2023-08-22 - interesting bash feature

talk is cheap, so i'll show you some code instead:

#!/bin/bash
set -e
false && echo "this never shows up"
echo "result: $?"

what will it show? set -e is there so nothing, right? well – no. it will print this:

 result: 1

…and returns exit code 0. now the open question is: how on earth?! return from the false && whatever is clearly non-zero, yet the next line gets executed! stating that previous line ended with an error.

let's now compare it with almost identical piece of code:

#!/bin/bash
set -e
( false && echo "this never shows up" )
echo "result: $?"

the output? nothing + return code of 1. just as expected!

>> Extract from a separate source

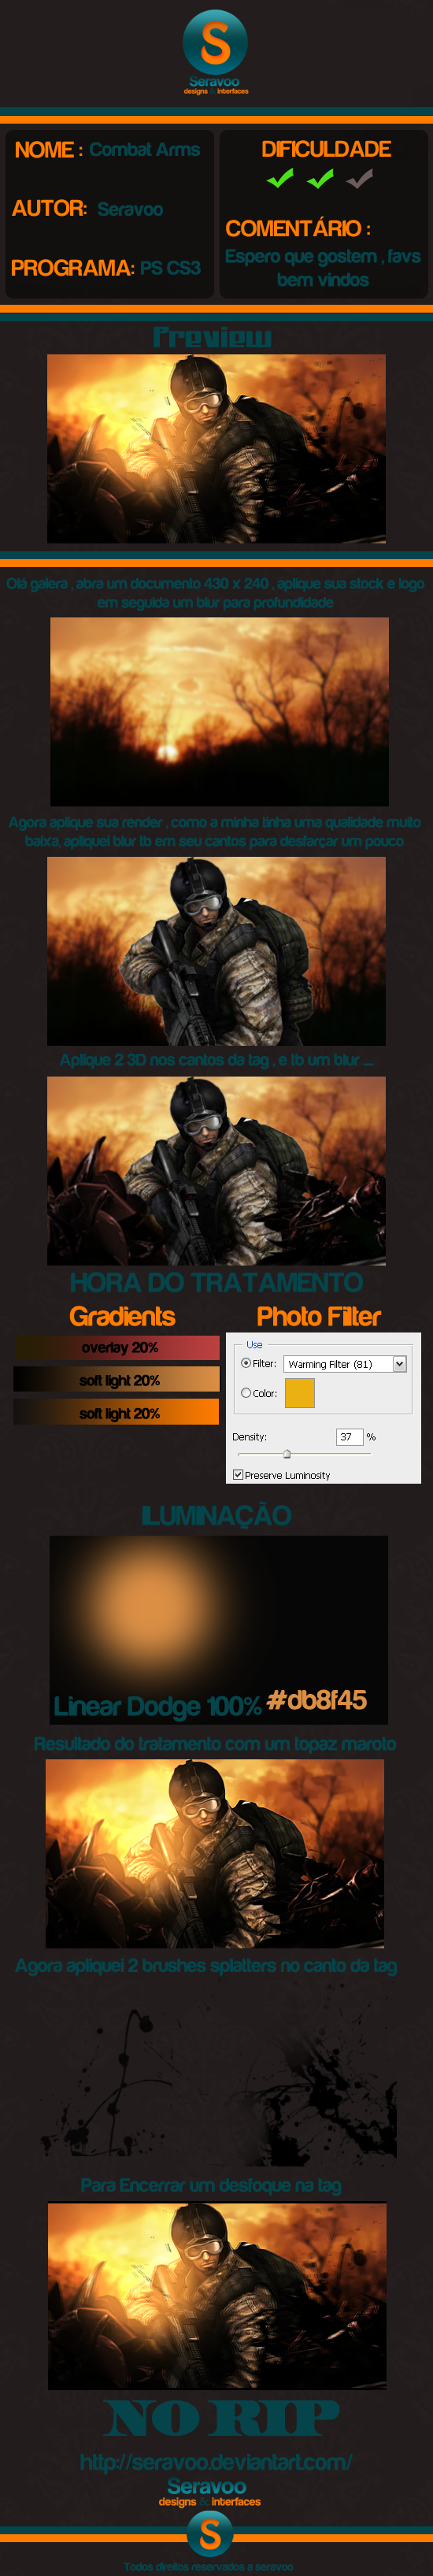 [Photoshop - Tutorial][Gfx Combat Arms by:seravoo] Tutorial_combat_arms_by_seravoo-d32e99j
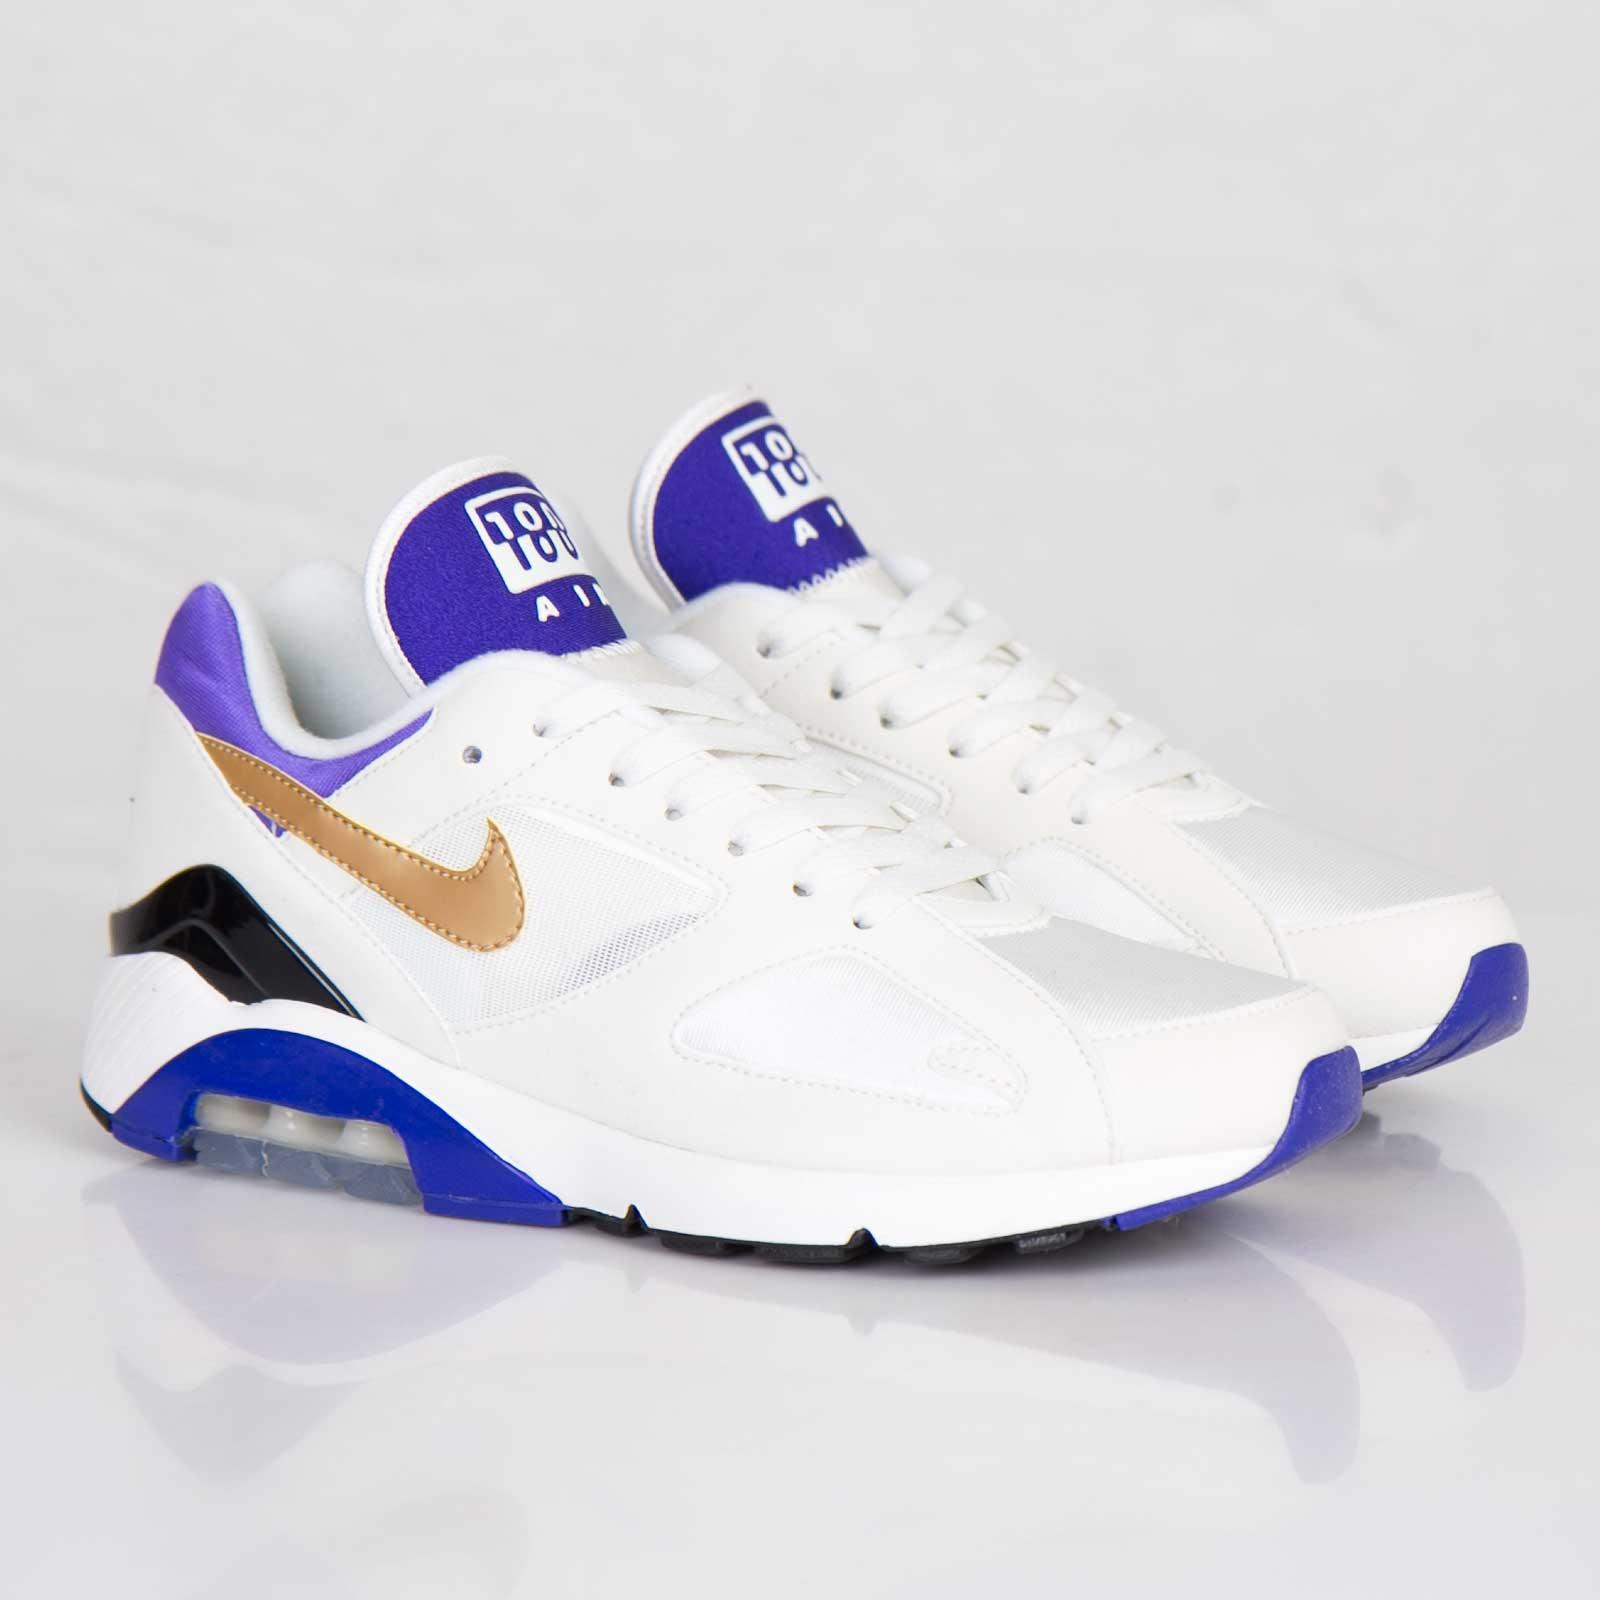 97700534e4 Nike Air 180 QS - 626960-175 - Sneakersnstuff   sneakers ...

spoiler alert – it's not a bug. it's a feature. just very non-obvious one. here's a nice explanation. TL;DR version is that set -e exits with an error on non-handled error. eg. this would not fail the script:

if [ 1 -eq 2 ]
then
  echo "wtf?!"
fi

despite [ 1 -eq 2 ] is clearly false. now if we look at foo && bar through the same lenses, here foo's failure is considered “handled”, as there's a post-action && bar, thus $? is set as expected, but script does not stop.

i found this one while inspecting other's person script. it wasn't really clear what's the problem. in the future – when you write a shell script, do use set -e but try keeping 1 statement per line. it makes everyone's lifes easier. :)

thx Wojtek for helping out with this one! :)